Apple ewidentnie stawia na wysokiej jakości autorski kontent. Nie twierdzę, że plan Tima Cooka się powiedzie, ale z pewnością jest to interesująca ścieżka rozwoju usługi. Usługi, której będę się bacznie przyglądać.
Wady
Mimo pozytywnego odbioru Apple TV+ zdążyło mnie już nieco zirytować. Pierwszą rzeczą, która mnie mocno zaskoczyła, był rozmiar plików z odcinkami. Ponad 3 GB na niespełna godzinny materiał to gruba przesada.
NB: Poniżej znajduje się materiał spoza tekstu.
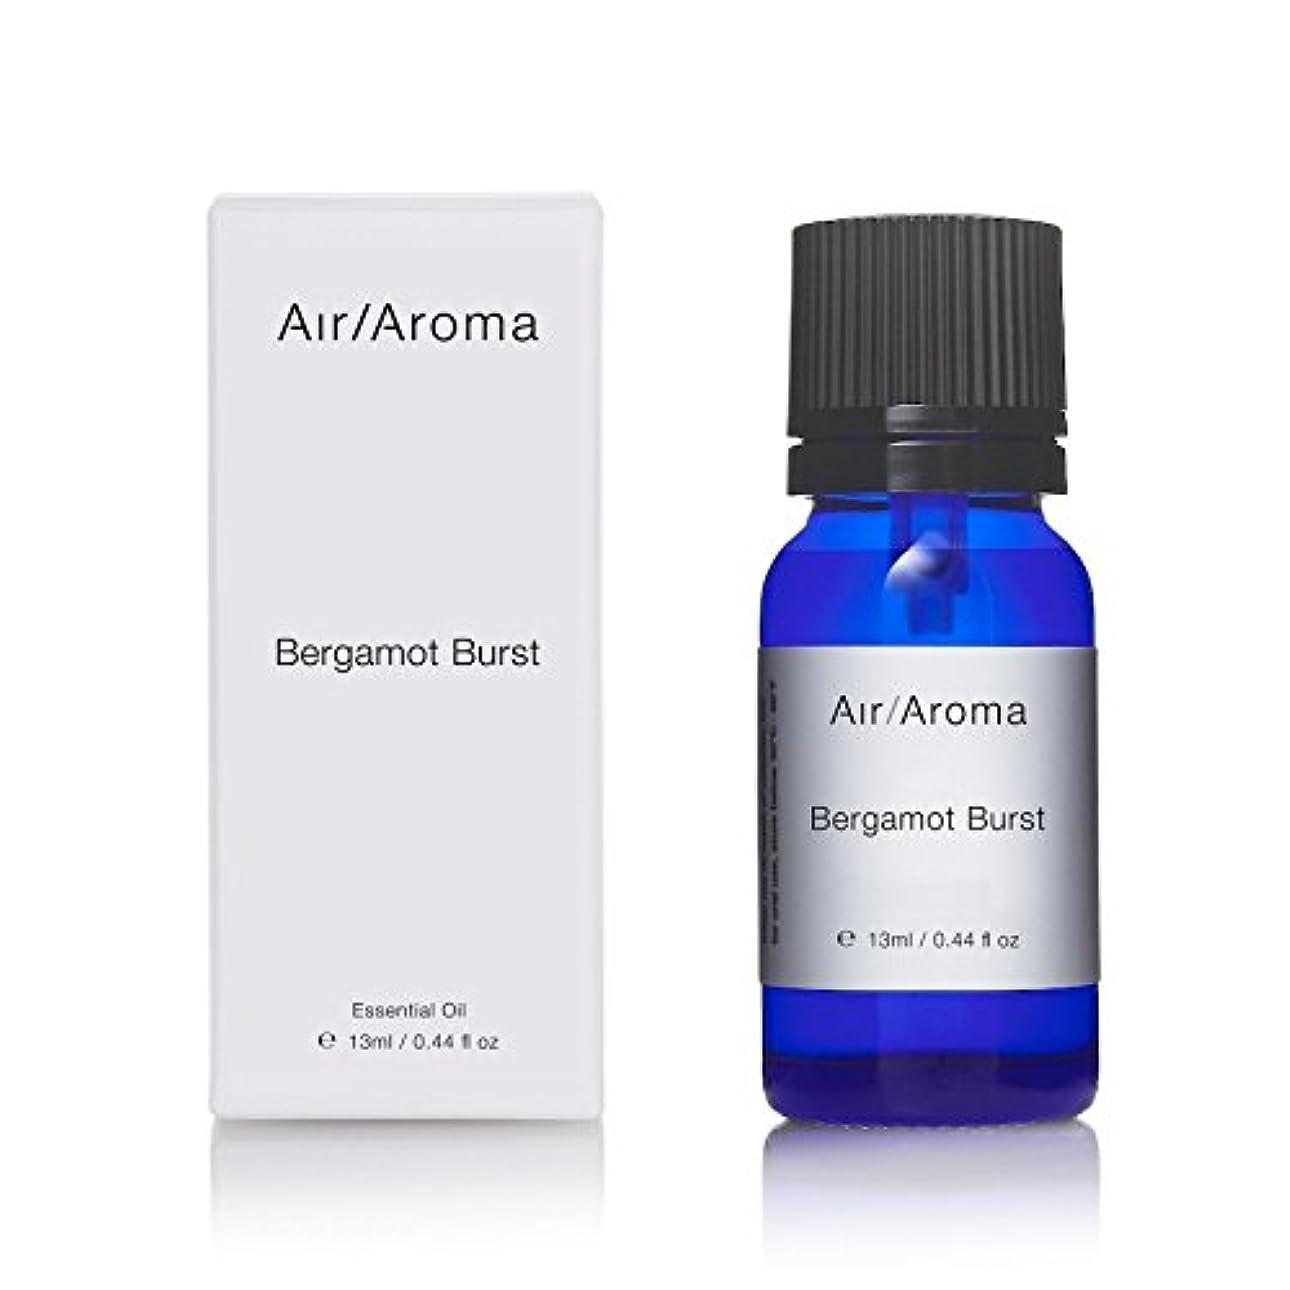 転倒洗う道路を作るプロセスエアアロマ bergamot burst (ベルガモットバースト) 13ml

Netflix często mieści się w przedziale 300-700 MB. Niby drobnostka, ale dla osób ze smartfonami o mniejszej pojemności może to stanowić przeszkodę w wygodnym korzystaniu z usługi.
Kolejna nie do końca dopracowana rzecz to aplikacje klienckie i wbudowany weń odtwarzacz. Mam tu na myśli zarówno wersję dla macOS, jak i iOS. Aplikacje nie zapamiętują właściwie miejsca, w którym skończyliśmy seans. Nie są to ogromne pomyłki, ale kilkuminutowa różnica bywa irytująca. Mało tego, program dla komputerów Mac działa dość ślamazarnie, a kolejne ekrany nie ładują wolniej, niż wymaga tego przyzwoitość.